PROMPT
Your task is to copy the stretch of lines in the records below that begins with the line containing "Gucci Dionysus GG" and ends with the line containing "Simple Tandy 1000", exactly as written, with nothing added.

DATASET EXTRACT
[Start of section]

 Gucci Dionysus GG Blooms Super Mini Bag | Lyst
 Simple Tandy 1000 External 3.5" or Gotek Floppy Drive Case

[End of section]
[Start of section]

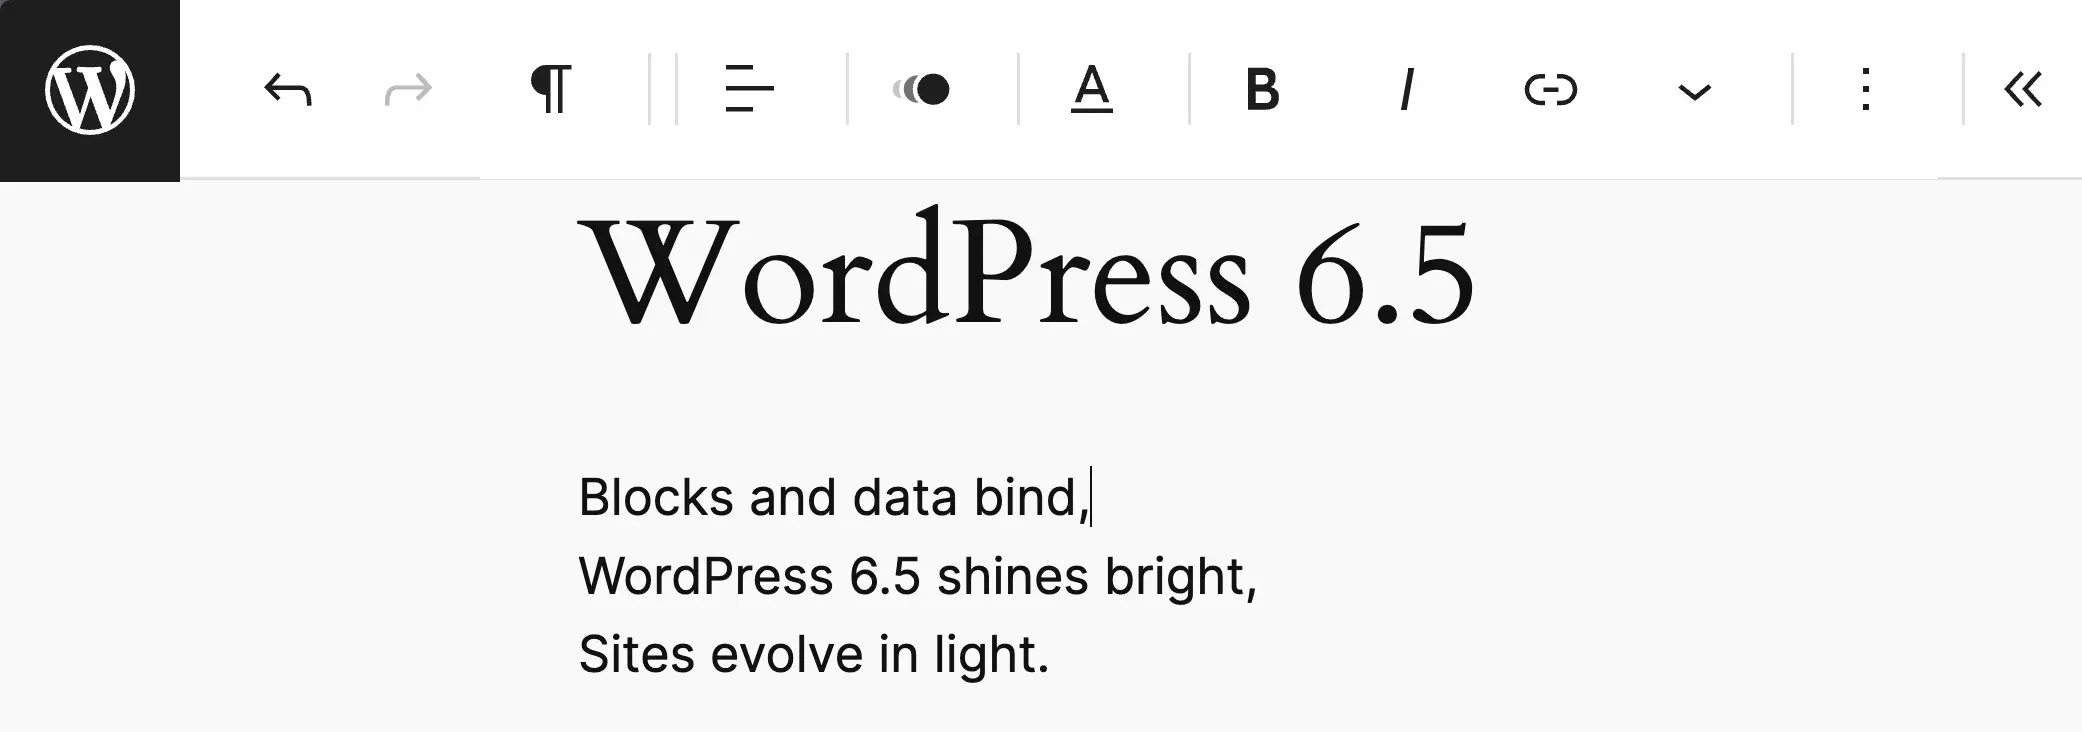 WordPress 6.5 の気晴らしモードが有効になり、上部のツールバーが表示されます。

[End of section]
[Start of section]

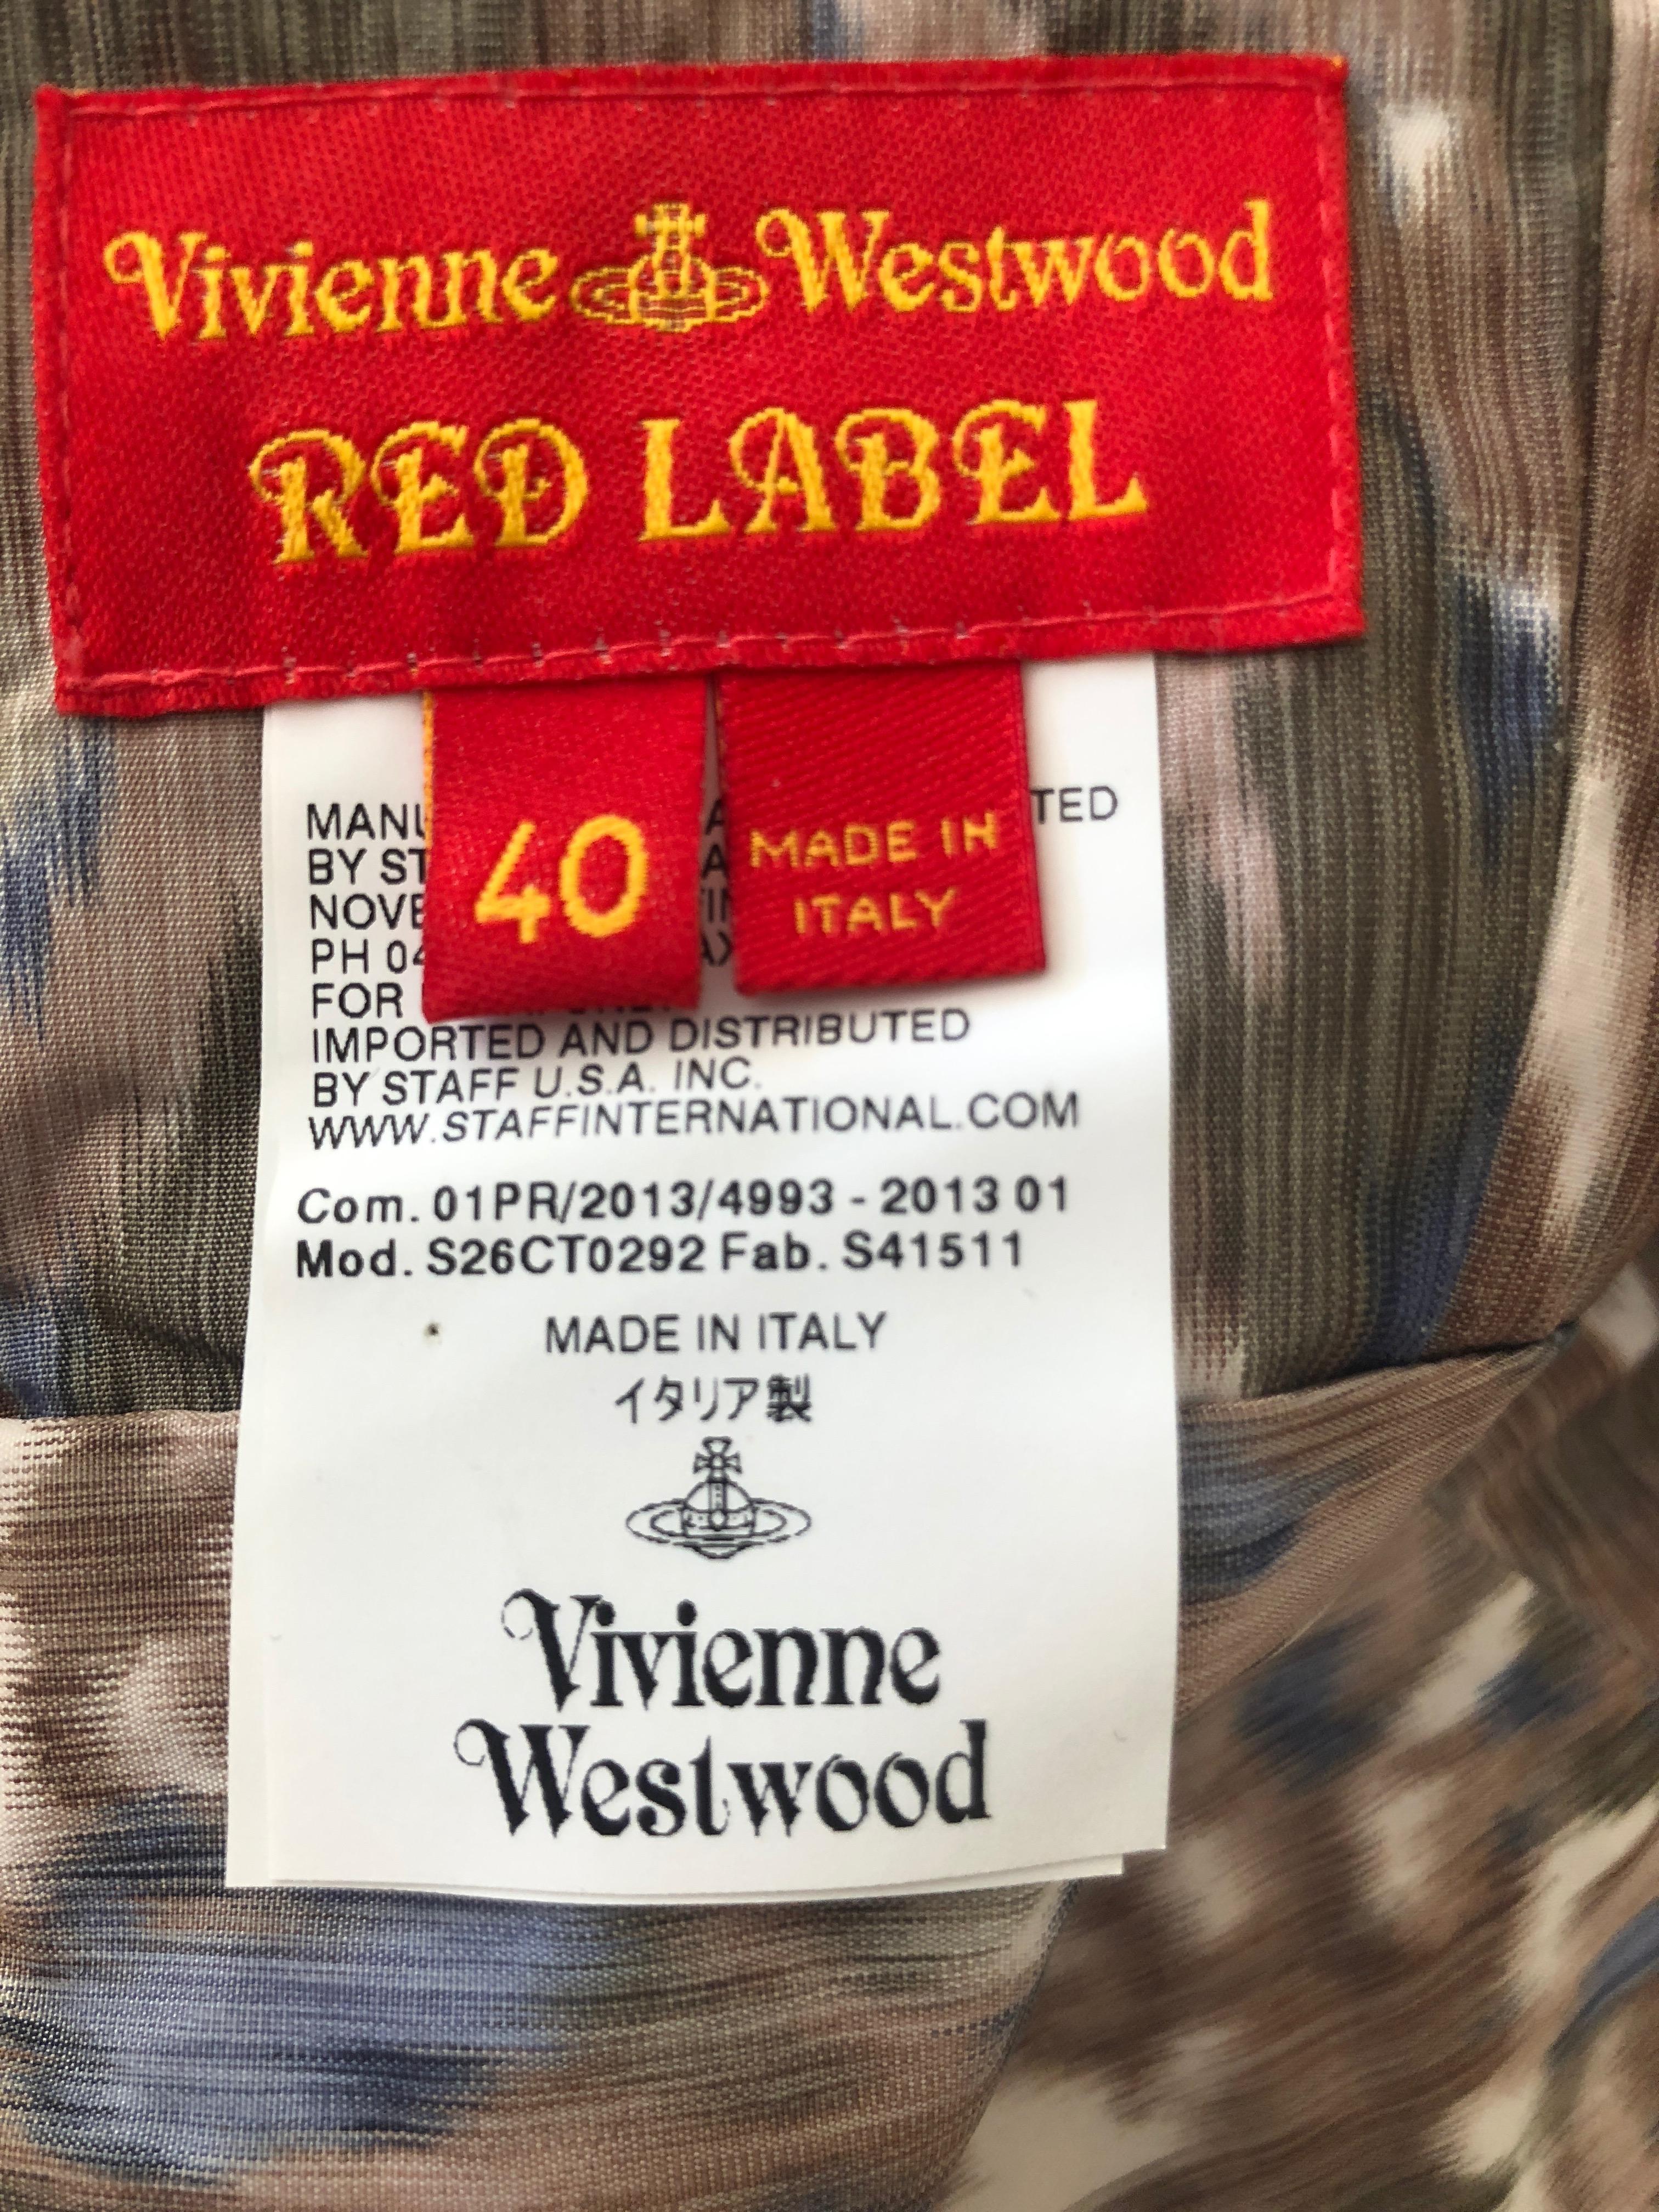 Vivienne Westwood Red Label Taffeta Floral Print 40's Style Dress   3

[End of section]

RESULT OF THE EXERCISE
 Gucci Dionysus GG Blooms Super Mini Bag | Lyst
 Simple Tandy 1000 External 3.5" or Gotek Floppy Drive Case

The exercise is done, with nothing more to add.